Cien años de honradez.
¿Recordamos aquel famoso eslogan electoral del PSOE? Pues —That is the question— ése es el problema: que la honradez al
parecer sólo les duró cien años. Ése es el verdadero problema, más que todos
los factores geopolíticos que hayan podido condicionar su ejercicio del poder.
Eso es lo que ocasionó que el repaso
de veinticinco años de socialismo que según Felipe González necesitaba España
ni fuera realmente tal repaso ni durase los necesarios veinticinco años.
Al principio, como en el Génesis,
ya estuvo aquello tan turbio y tan oscuro de ni Flick ni Flock. Y en 1987, después de haber sido ganadas por segunda vez las elecciones generales, hubo
una alusión en la prensa (por lo pasajera y superficial que fue no hay que
descartar que se tratara de una insidia o que, no siéndolo, se echara
rápidamente tierra encima) a un supuesto tráfico de influencias del ya
fallecido José María (Txiki) Benegas
con unos amigos suyos, propietarios de un negocio de discotecas en Ibiza. Pero
lo que después vino ya no fue pasajero ni superficial, ya no fueron posibles insidias:
desde el simbólico, por inaugural, despacho de Juan Guerra hasta la
financiación irregular con el caso Filesa,
pasando por el rocambolesco episodio de Luis Roldán (y no se olvide, aunque no
perteneciera estrictamente a la esfera económica, el tristísimo asunto de los
GAL). Y la estruendosa quiebra de PSV, la cooperativa de viviendas de UGT, el
sindicato hermano. Y la gente guapa.
Y Carlos Solchaga —ministro de economía y Hacienda— presumiendo de lo fácil que
por entonces era hacerse rico en España...

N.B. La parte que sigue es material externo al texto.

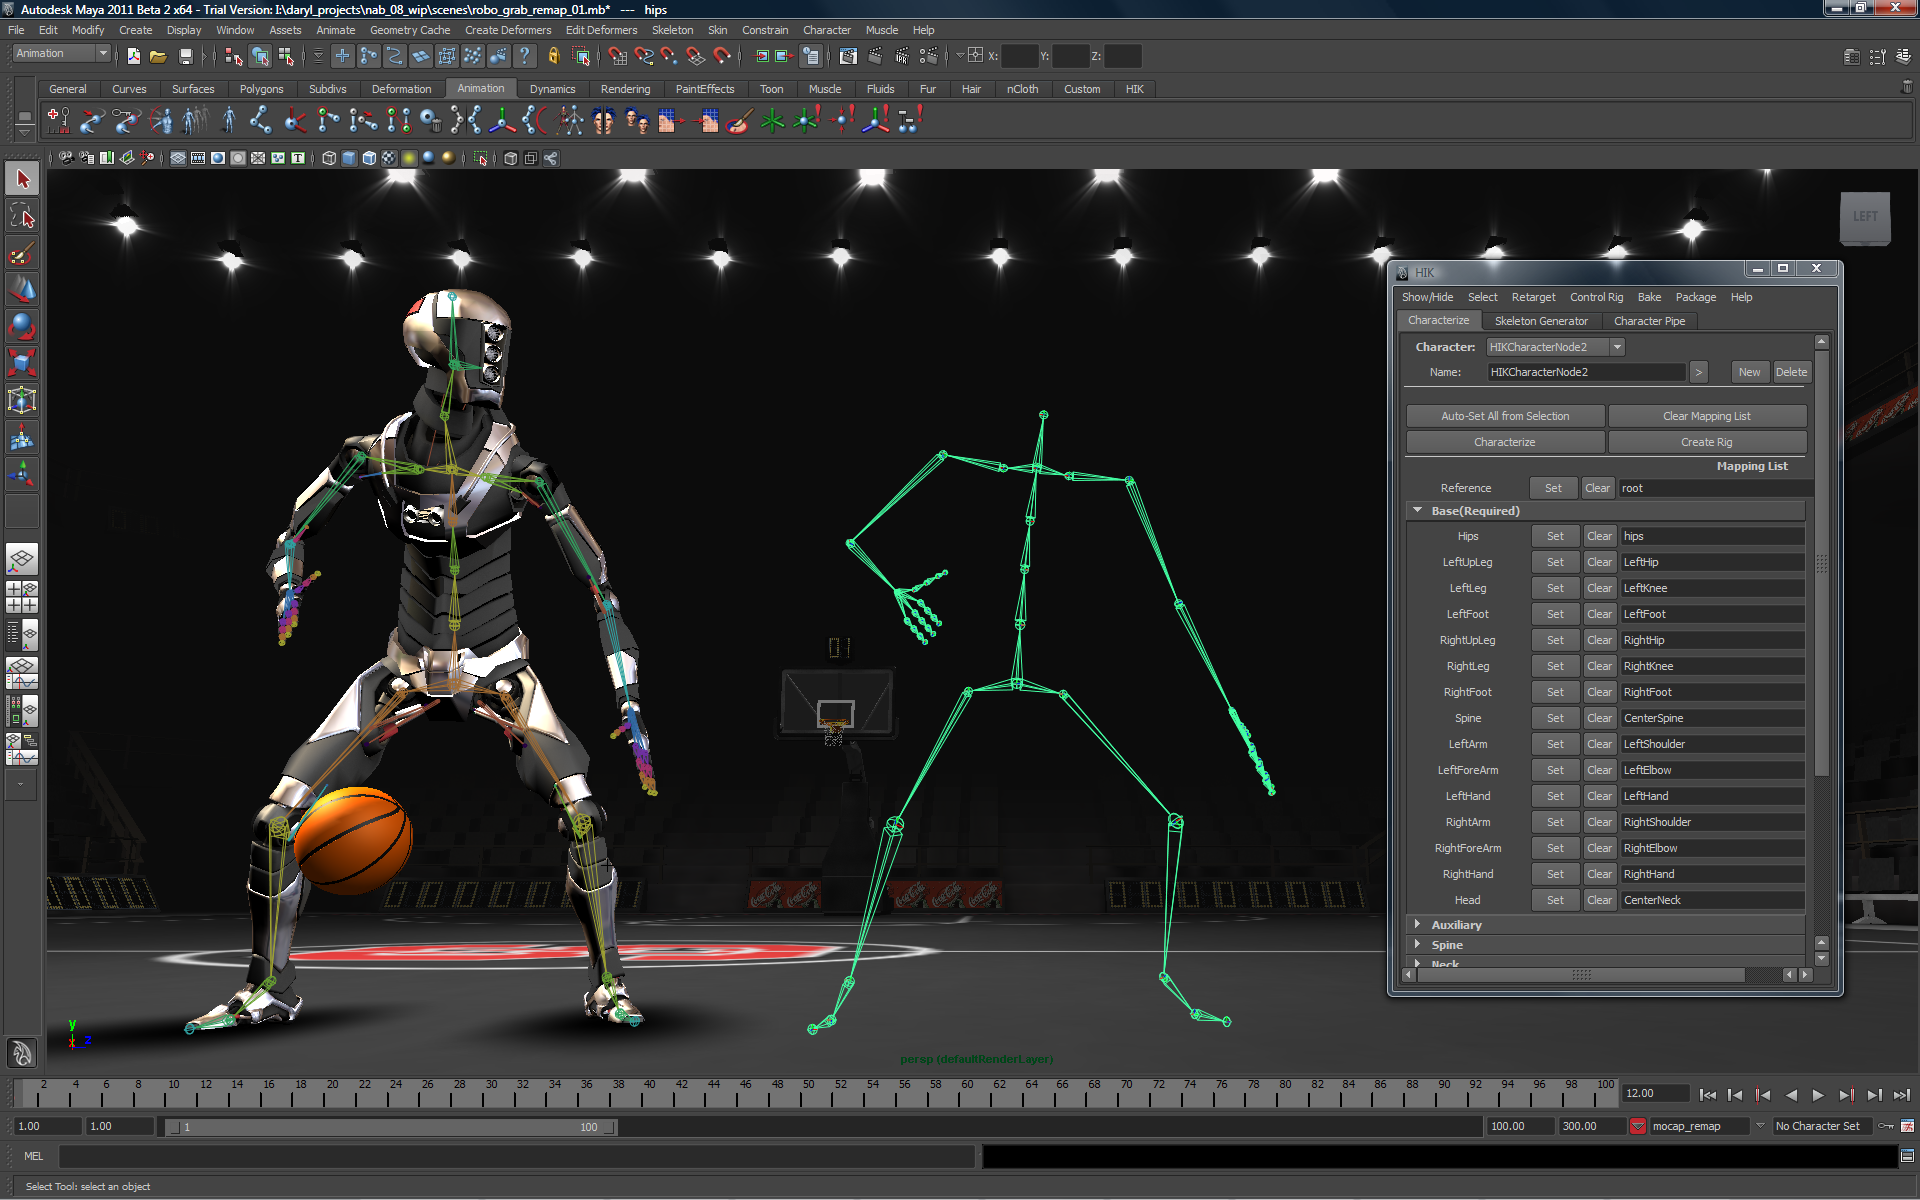 Animated 3d wallpaper jarvis interface - Autodesk Maya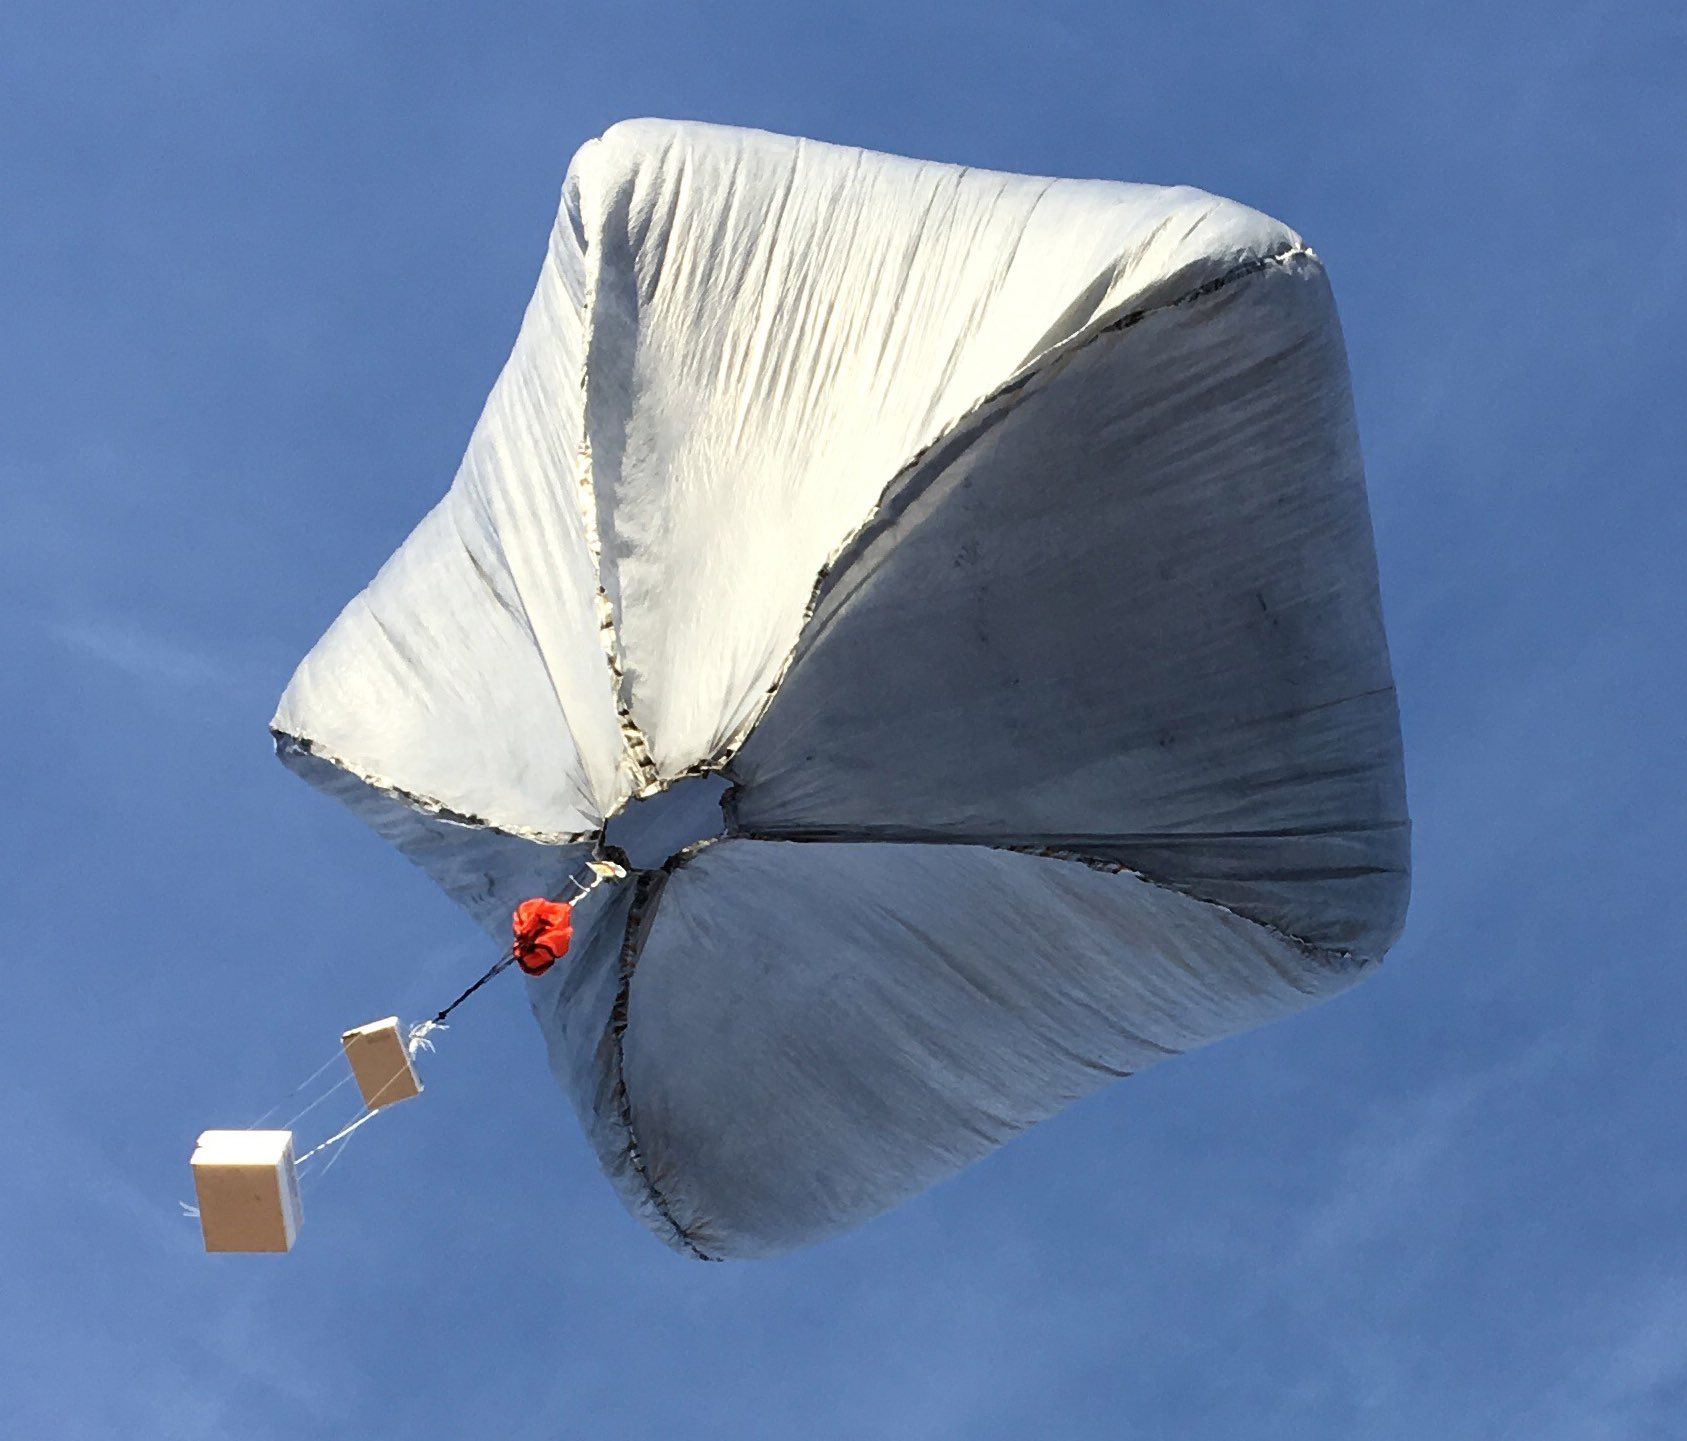 Danny Bowman's Spherical Solar Balloons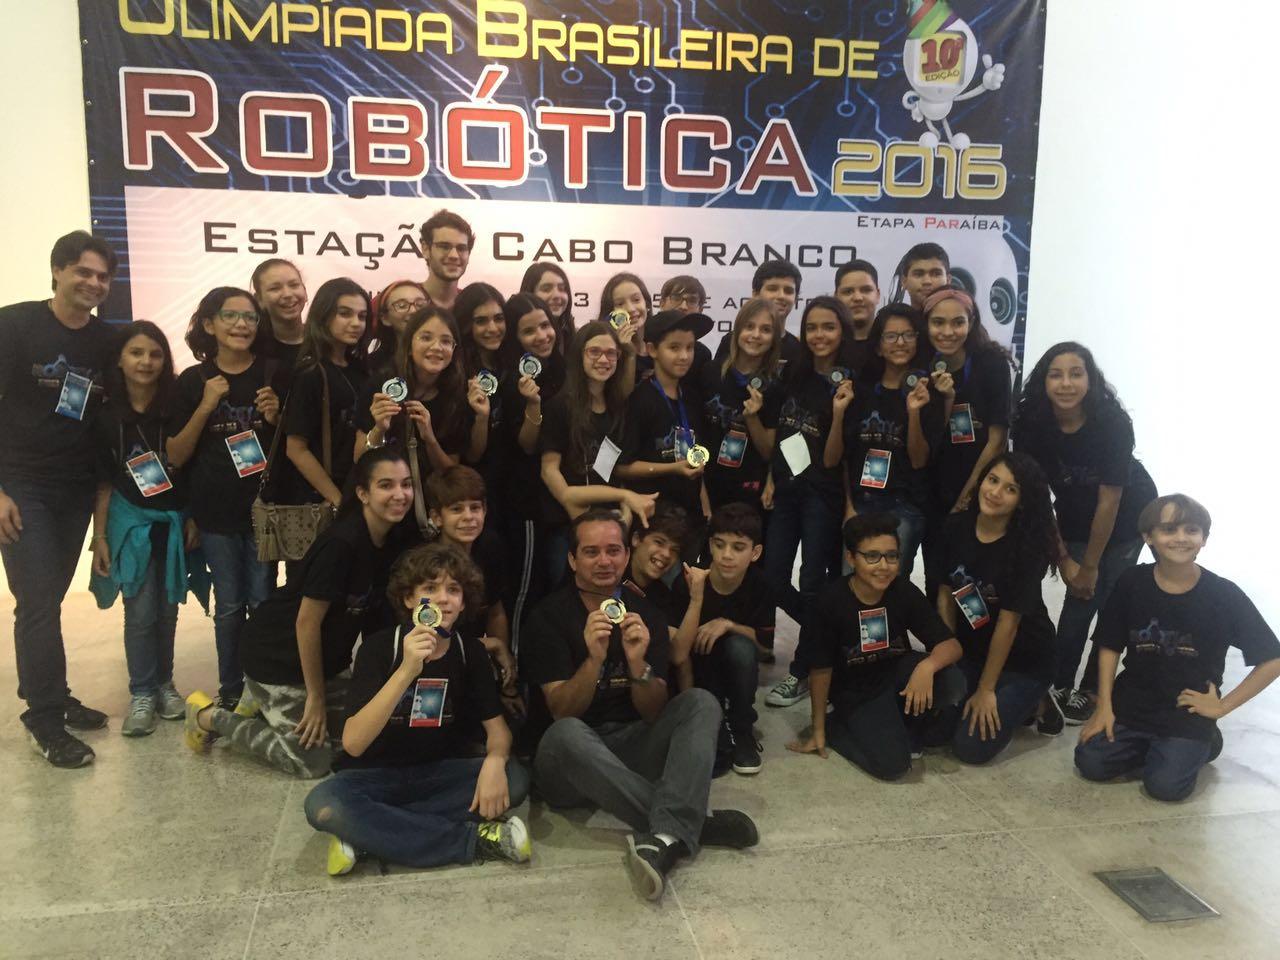 Olimpíada Brasileira de Robótica

Se ha acusado a Julio Anguita, con aquello de la pinza y del sorpasso, de haber favorecido la llegada
del PP al poder en las elecciones de 1996. Tal vez. Pero no se olvide que en
1993, cuando Felipe González ganó por los pelos, ya sin mayoría absoluta, sus
últimas elecciones (159 escaños) y dijo más o menos que había recibido el mensaje —algo que no podía entenderse de otra
forma como que había que girar a la izquierda—, pudiendo haber pactado con
Izquierda Unida (18 escaños) lo hizo en cambio con el partido (17 escaños) de —sí,
no nos asombremos retrospectivamente— Jordi Pujol.
Así pues, de aquellos polvos vinieron estos lodos y aquellos vientos trajeron
estas tempestades. Y el PP, con toda la mierda que lleva encima, permitiéndose
el lujo de decir y tú más. Pero es
que resulta (ahí está todavía abierta la herida de los ERE andaluces) que aun
no teniendo razón, porque la derecha nunca la ha tenido y jamás la tendrá,
resulta, decía, que no faltan del todo a la verdad —aunque sea por una sola
vez— y no dejan de estar en lo cierto.
En resumen, que será muy difícil, si no imposible, por mucho mea culpa que entonen, creer cualquier
propósito de renovación o regeneración o refundación (o como diablos o demonios
quieran llamarlo) del PSOE mientras —freudianamente, por supuesto— no maten de
verdad al padre.
Pero ¿quién va a matar al padre, si perro no come perro? ¿Quién va a
ponerle el cascabel al gato si todos son gatos?
Y, además, parece que al padre no hay quien pueda matarlo. Siempre se las
arregla para resucitar. Siempre se las arregla para seguir vivito y coleando.